TASK ITEM: Output the whole listing exactly, with no pictures.

** COLLECTED MATERIAL follows **

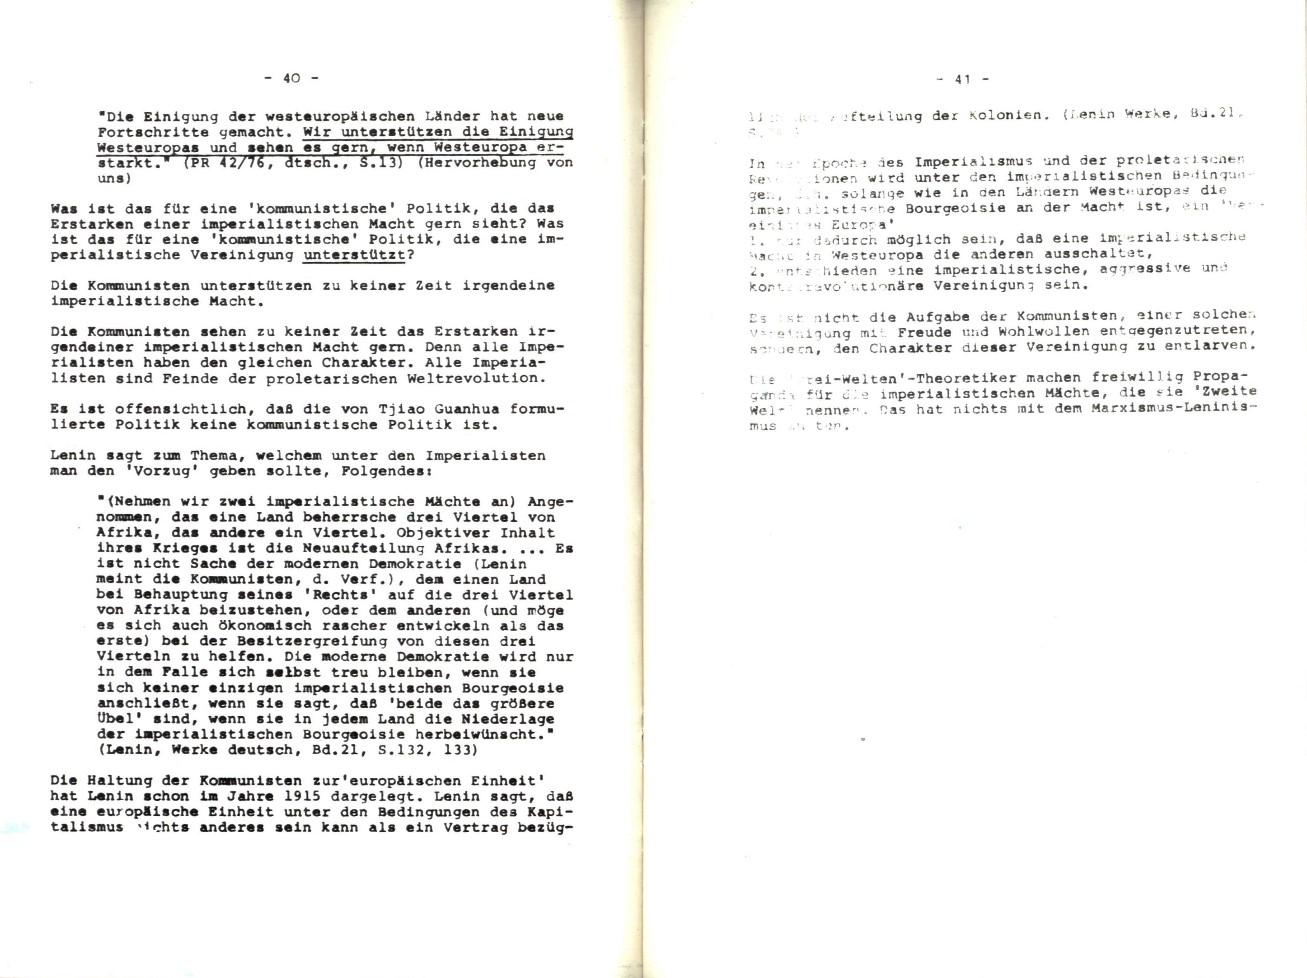 MLSK_Theorie_und_Praxis_des_ML_1978_21_29
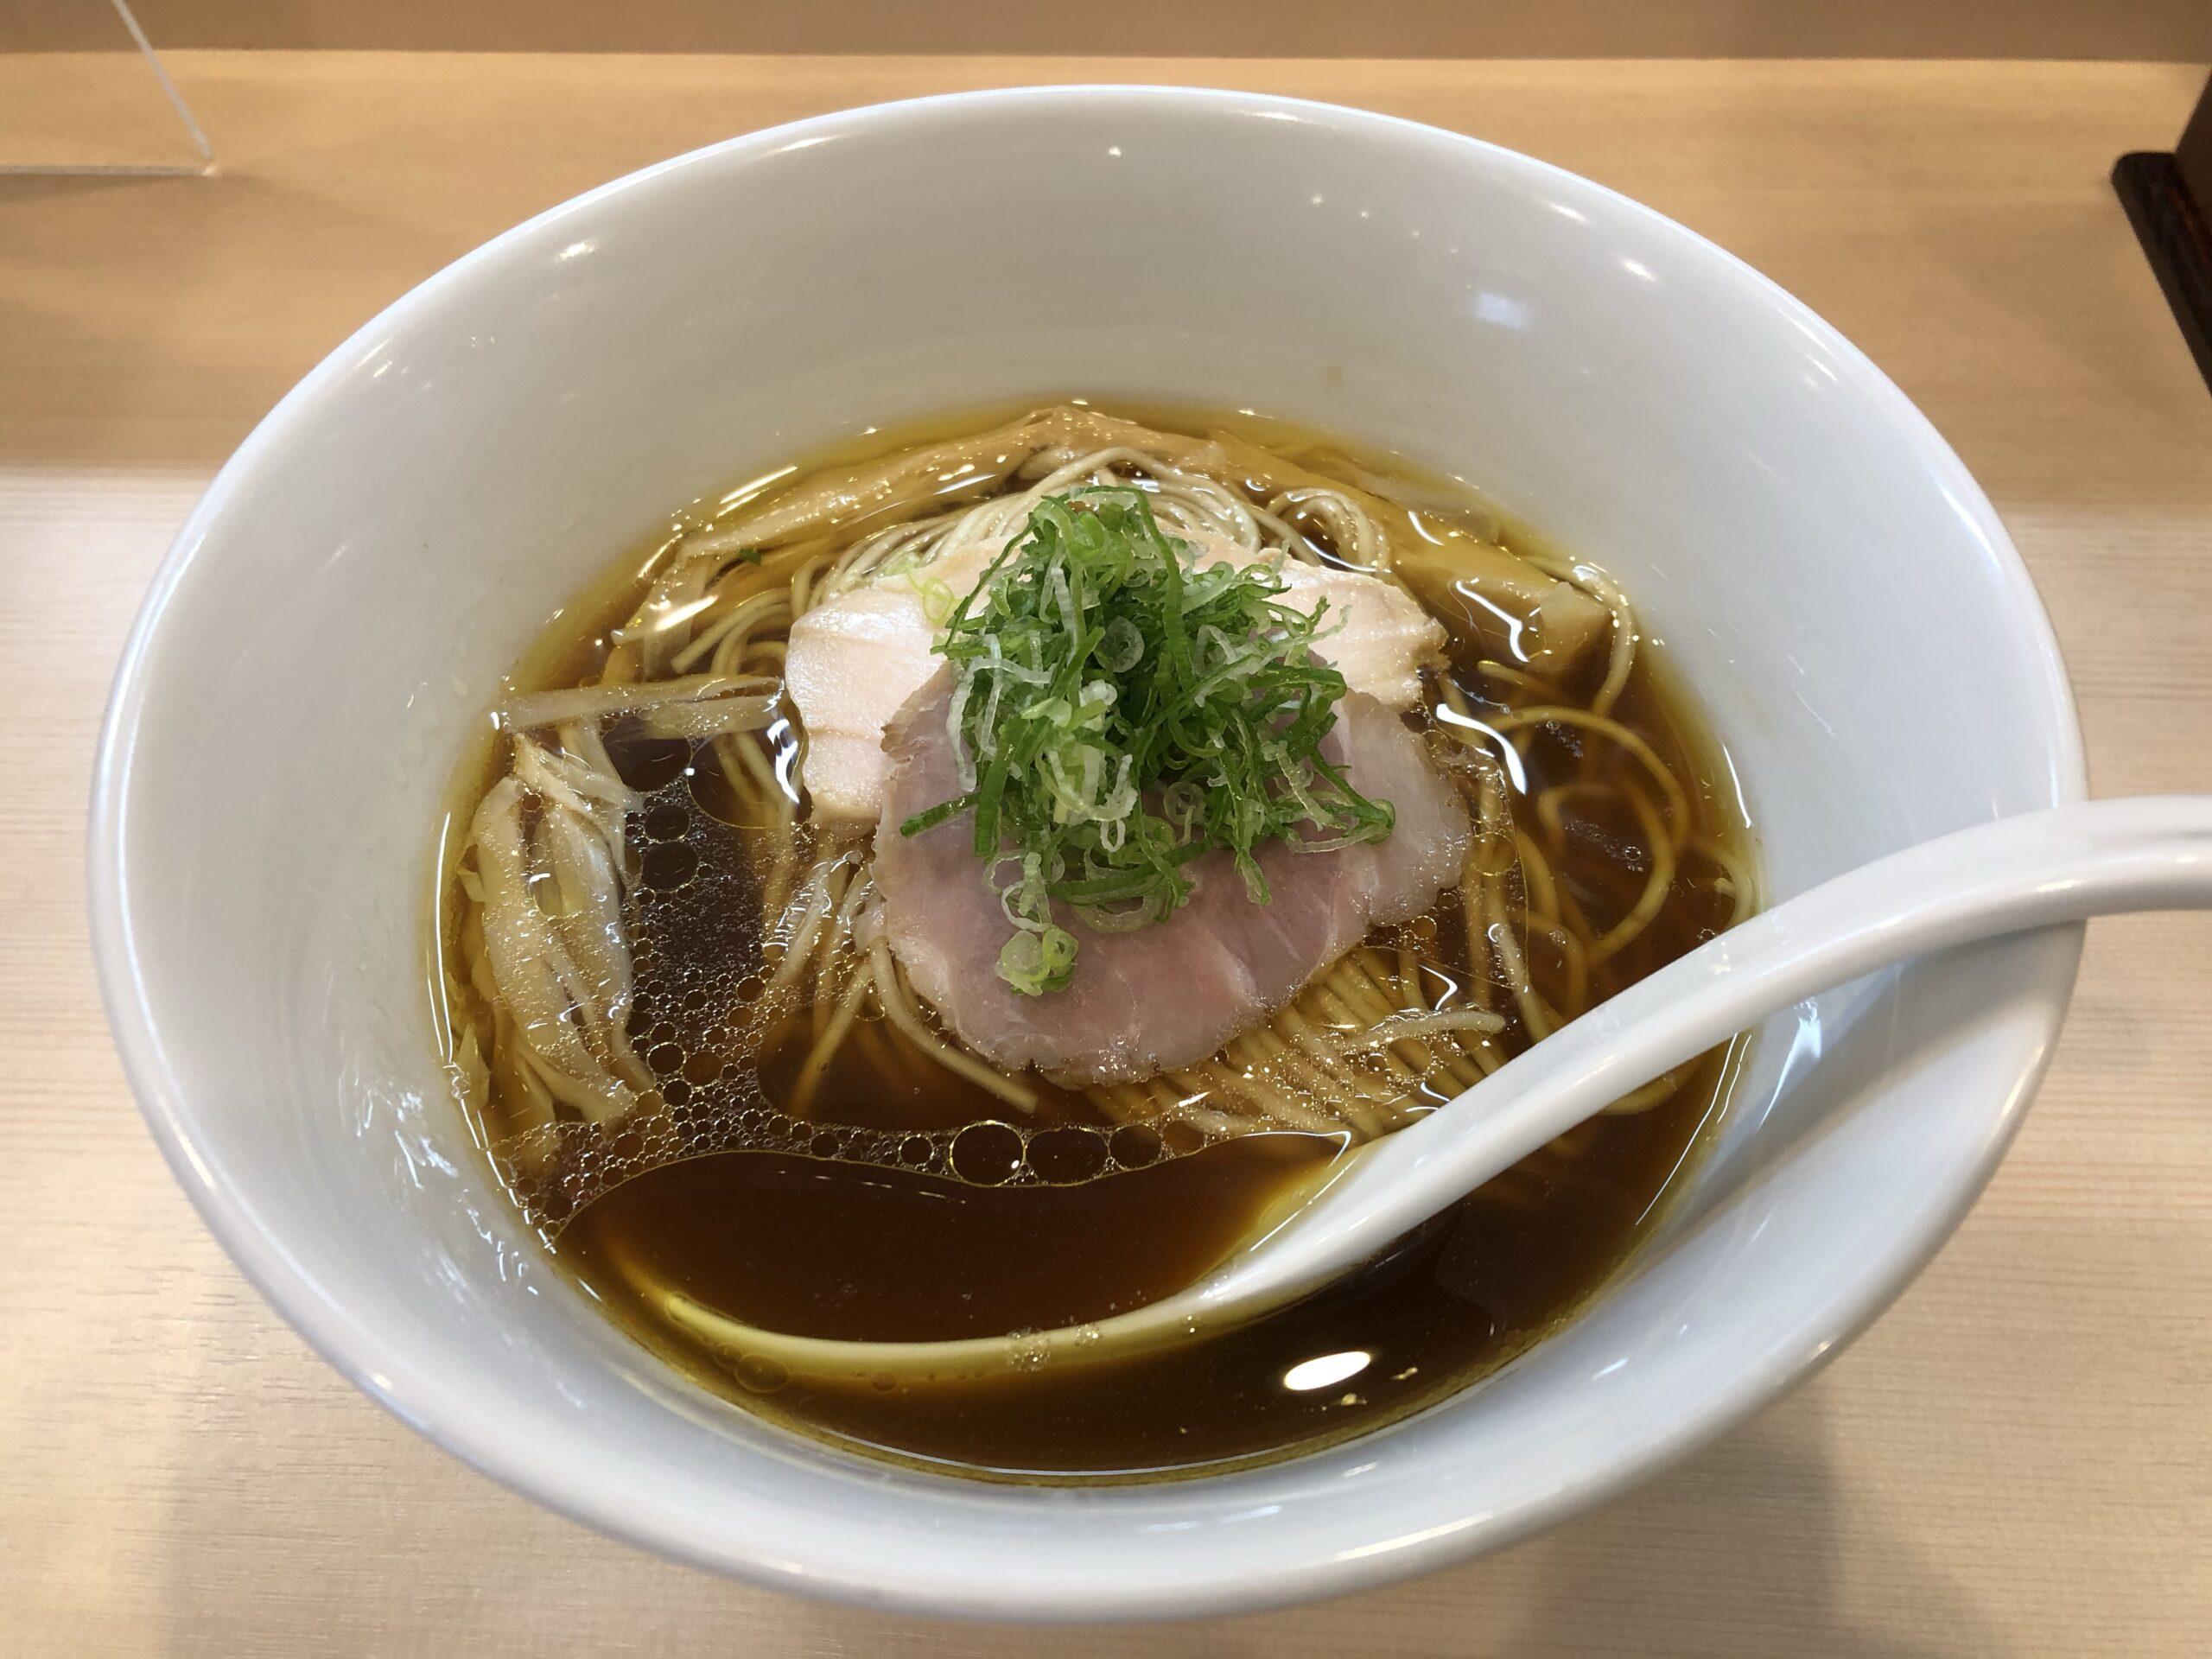 田町「らぁ麺 六花」 淡麗コク旨美味スープとツルツル美味麺
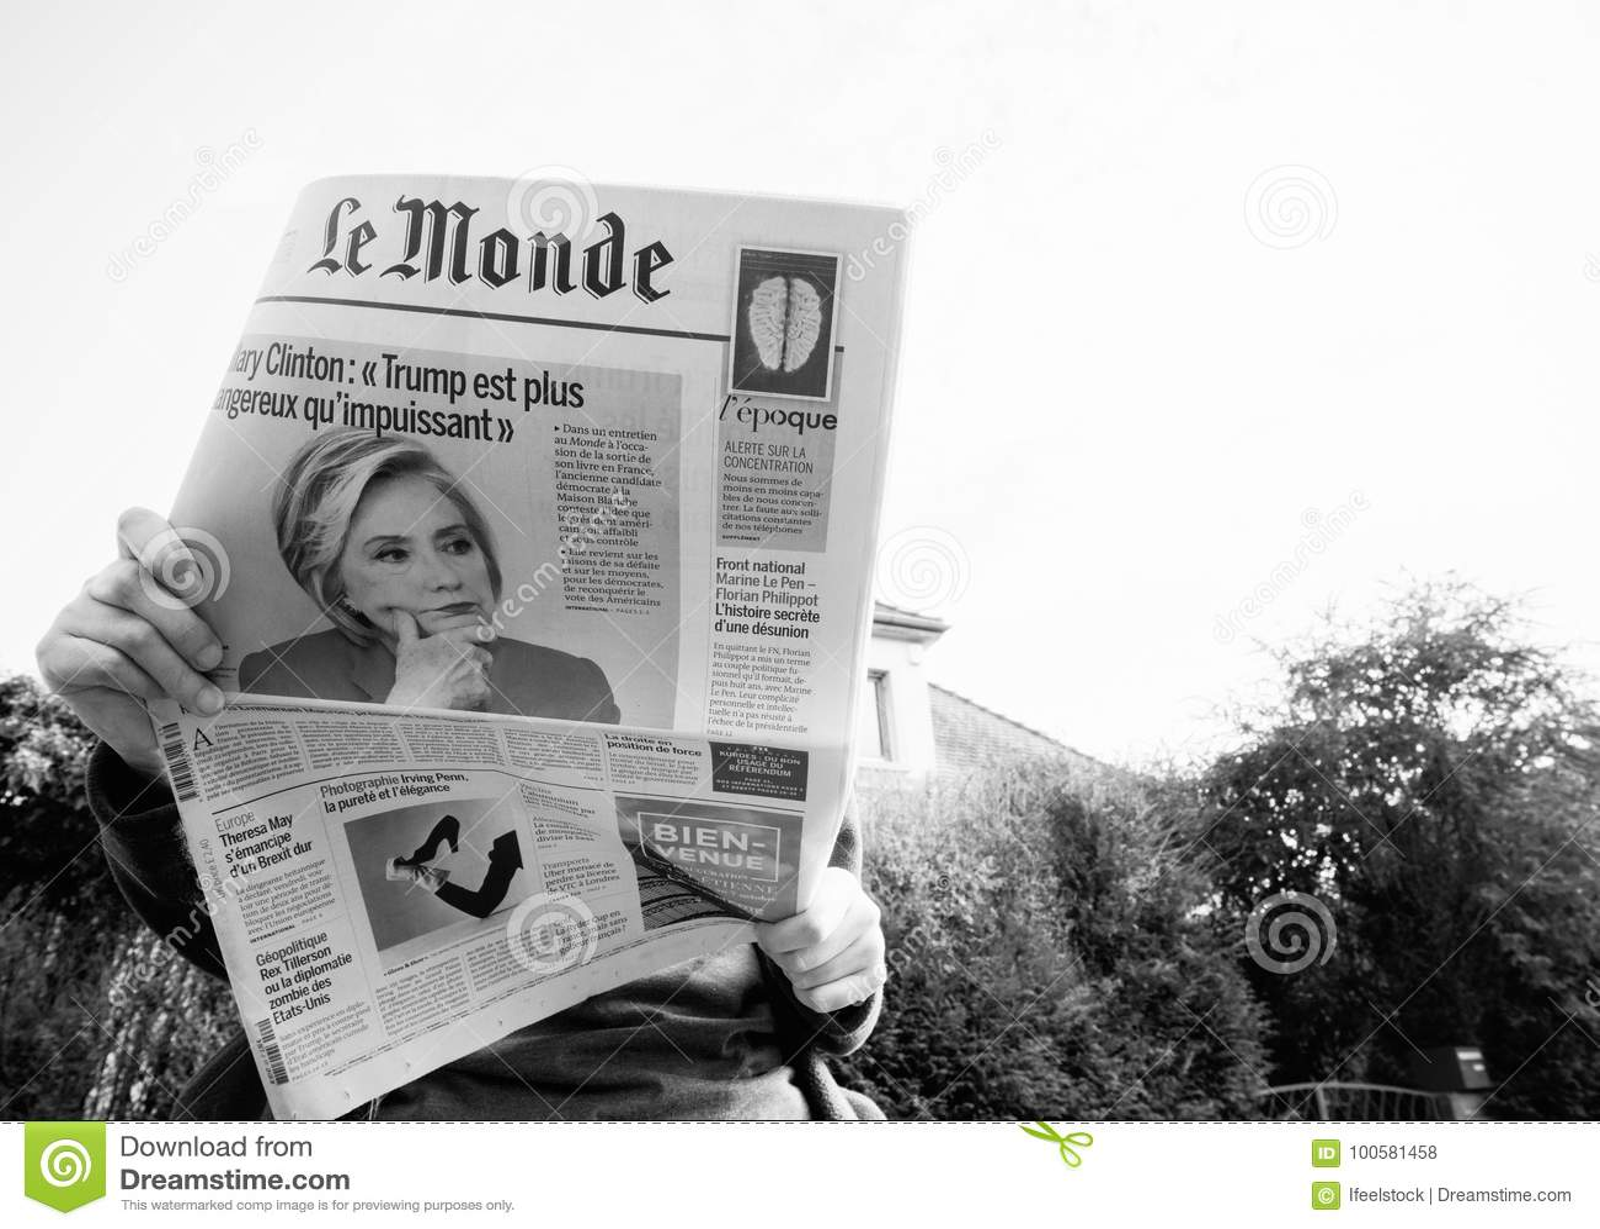 Взгляд снизу женщины читая самую последнюю газету Le Monde с портретом Хиллари Клинтон

** End of COLLECTED MATERIAL **

EXPECTED ANSWER:
 MLSK_Theorie_und_Praxis_des_ML_1978_21_29
 田町「らぁ麺 六花」 淡麗コク旨美味スープとツルツル美味麺
 Взгляд снизу женщины читая самую последнюю газету Le Monde с портретом Хиллари Клинтон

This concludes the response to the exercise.